Micro RNAs (miRNAs) are small non-coding RNAs with approximate 22 nucleotide length and are stably detected in plasma or serum. It is widely known that miRNAs modulate the expression of protein-coding genes at the post-transcription level and play important roles in cell activation, proliferation, differentiation, or death. Dysregulation of miRNAs in the circulation was detected in the patients with cancer or other diseases and circulating miRNAs could be potential biomarkers for various diseases [
8‐
10]. Some miRNAs in the circulation were also dysregulated in inflammatory diseases, such as RA [
11,
12], inflammatory bowel diseases [
13], or idiopathic pulmonary fibrosis (IPF) [
14,
15], though the impact of the circulating miRNA in inflammatory diseases does not reach to that in cancer. The expression levels of hsa-miR-132, hsa-miR-24, and hsa-miR-125a-5p were altered in plasma from RA patients [
12,
16]. The expression levels of hsa-miR-21 were increased in sera from IPF patients [
14,
15,
17]. However, few studies have focused on circulating miRNA profiles of RA-ILD. The present study investigated circulating miRNA profiles of RA-ILD to determine whether they may be useful for diagnosing RA-ILD.
Methods
Patients
Sixty four Japanese patients with RA were recruited at Sagamihara Hospital. ILD was diagnosed from computed tomography (CT) findings by two physicians specializing in RA-ILD. RA patients were categorized from A to Z, based on the Sagamihara Criteria [
1]. RA cases in categories A to D were RA with ILD [ILD(+)RA] and those in G and H were RA without ILD [ILD(−)RA]. This study included RA cases in categories A [Findings consistent with ILD were observed in high resolution CT (HRCT) images (length of shorter diameter of the lesion was ≥2 cm in a transverse section)] or H [HRCT images were normal] [
1]. RA patients with ILD were further diagnosed with one of the two patterns of UIP or NSIP, based on the predominant CT findings: UIP, irregular linear opacities and honeycombing; NSIP, bilateral ground-glass attenuation patterns predominantly in subpleural and basal regions [
2,
18,
19]. Plasma samples from the 64 RA patients with or without ILD were collected and these individual plasma samples were analyzed for miRNA expression profiles. Blood samples were taken in tubes with ethylenediaminetetraacetic acid dipotassium salt (Terumo, Tokyo, Japan) and kept in room temperature before separation.

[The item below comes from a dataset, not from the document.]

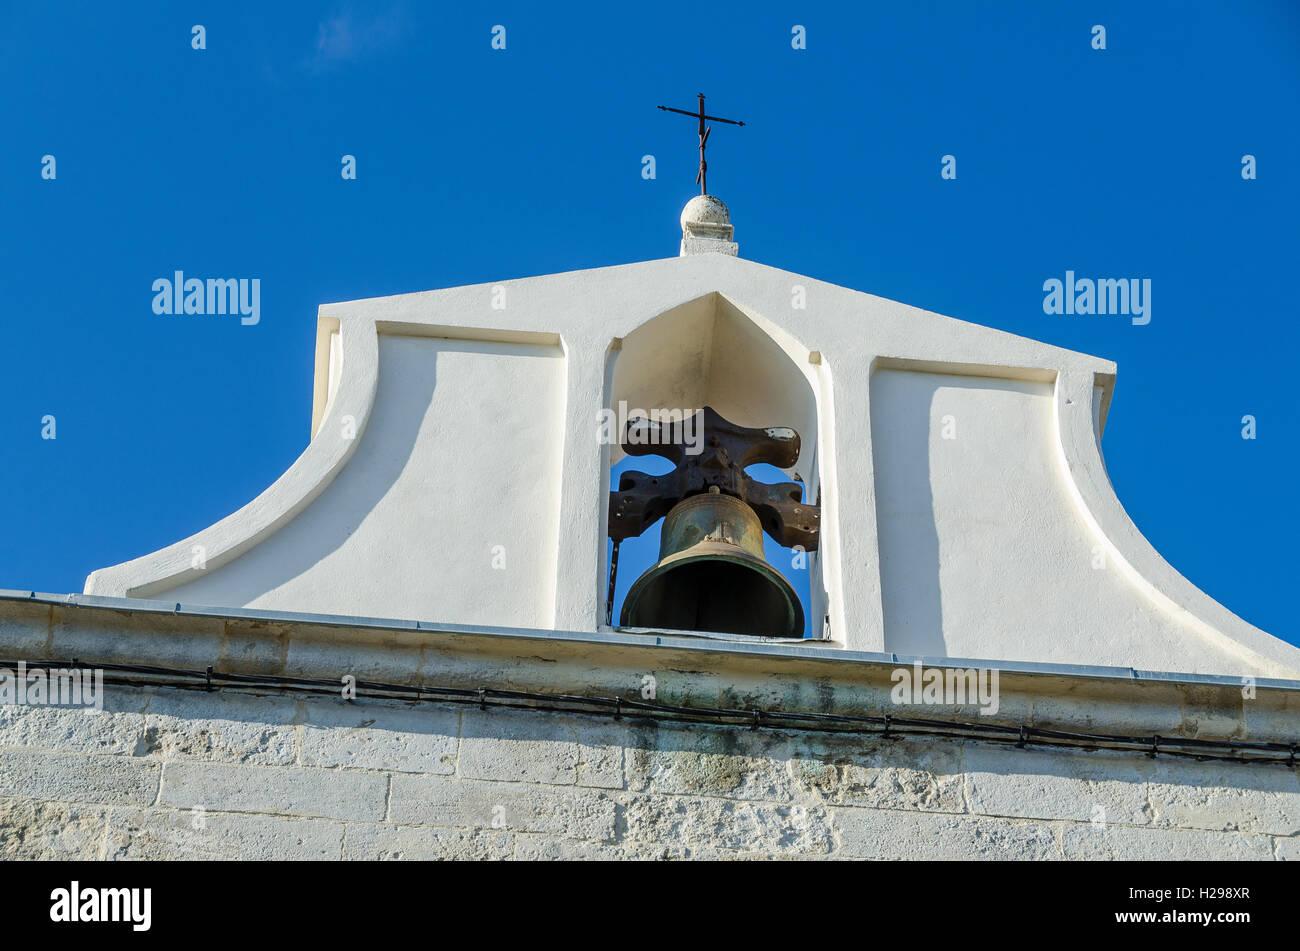 clocher, Aigues Mortes, Gard, Provence, France - Stock Image

Plasma was separated by centrifugation at 1500 × g for 10 min, and then stored at −80 °C until analysis. All patients fulfilled the American College of Rheumatology criteria for RA [
20]. This study was reviewed and approved by Sagamihara Hospital Research Ethics Committee and University of Tsukuba Research Ethics Committee. Written informed consent was obtained from all study participants. This study was conducted in accordance with the principles expressed in the Declaration of Helsinki.
MiRNA analysis
RNA was isolated from 200 μl plasma samples using miRCURY RNA Isolation kit Biofluids (Exiqon, Vedbaek, Denmark) and complementary DNA (cDNA) was synthesized with miRCURY LNA Universal cDNA Synthesis kit II (Exiqon). Real-time RT-PCR analysis was performed to evaluate miRNA expression in the plasma pool from 17 RA patients with RA-ILD or the pool from 17 RA patients without ILD, using Human miRNome microRNA PCR Panel I + II (Exiqon), ExiLENT SYBR Green master mix (Exiqon), and LightCycler 480 System II (Roche, Basel, Switzerland). Thermal cycling conditions consisted of initial denaturation at 95 °C for 10 min, followed by 45 cycles of 95 °C for 10 s followed by 60 °C for 1 min. Interplate calibration was conducted by the subtraction of the average Cт values of UniSP3 probe of the plate. The levels of miRNA among plasma samples were normalized to the average expression of five circulating miRNAs; hsa-miR-425-5p, hsa-miR-423-5p, hsa-miR-103a-3p, hsa-miR-191-5p, hsa-miR-93-5p. The amount of miRNA was quantified using comparative Cт method. The two pooled plasma of ILD(+)RA or ILD(−)RA were screened for the miRNA profiling. The data obtained from the microRNA PCR panels were deposited in Gene Expression Omnibus of National Center for Biotechnology Information and are accessible by accession number GSE88899. The PCR panel contains 752 probes for human miRNAs. Potential miRNA markers were selected for real-time RT-PCR analysis of miRNAs in individual patient plasma, based on the PCR panel data; eight miRNAs with higher absolute ⊿⊿Cт values (The ⊿⊿Cт values of these eight miRNAs were higher than 3.12) were selected when the samples with undefined Cт values of wells for detection of gene of interest were eliminated for the selection. Other eight miRNAs with higher absolute⊿⊿Cт values (The ⊿⊿Cт values of these eight miRNAs were higher than 5.10) were selected when the undefined CT values were substituted by 40. Thus, sixteen miRNAs were selected for the individual analysis.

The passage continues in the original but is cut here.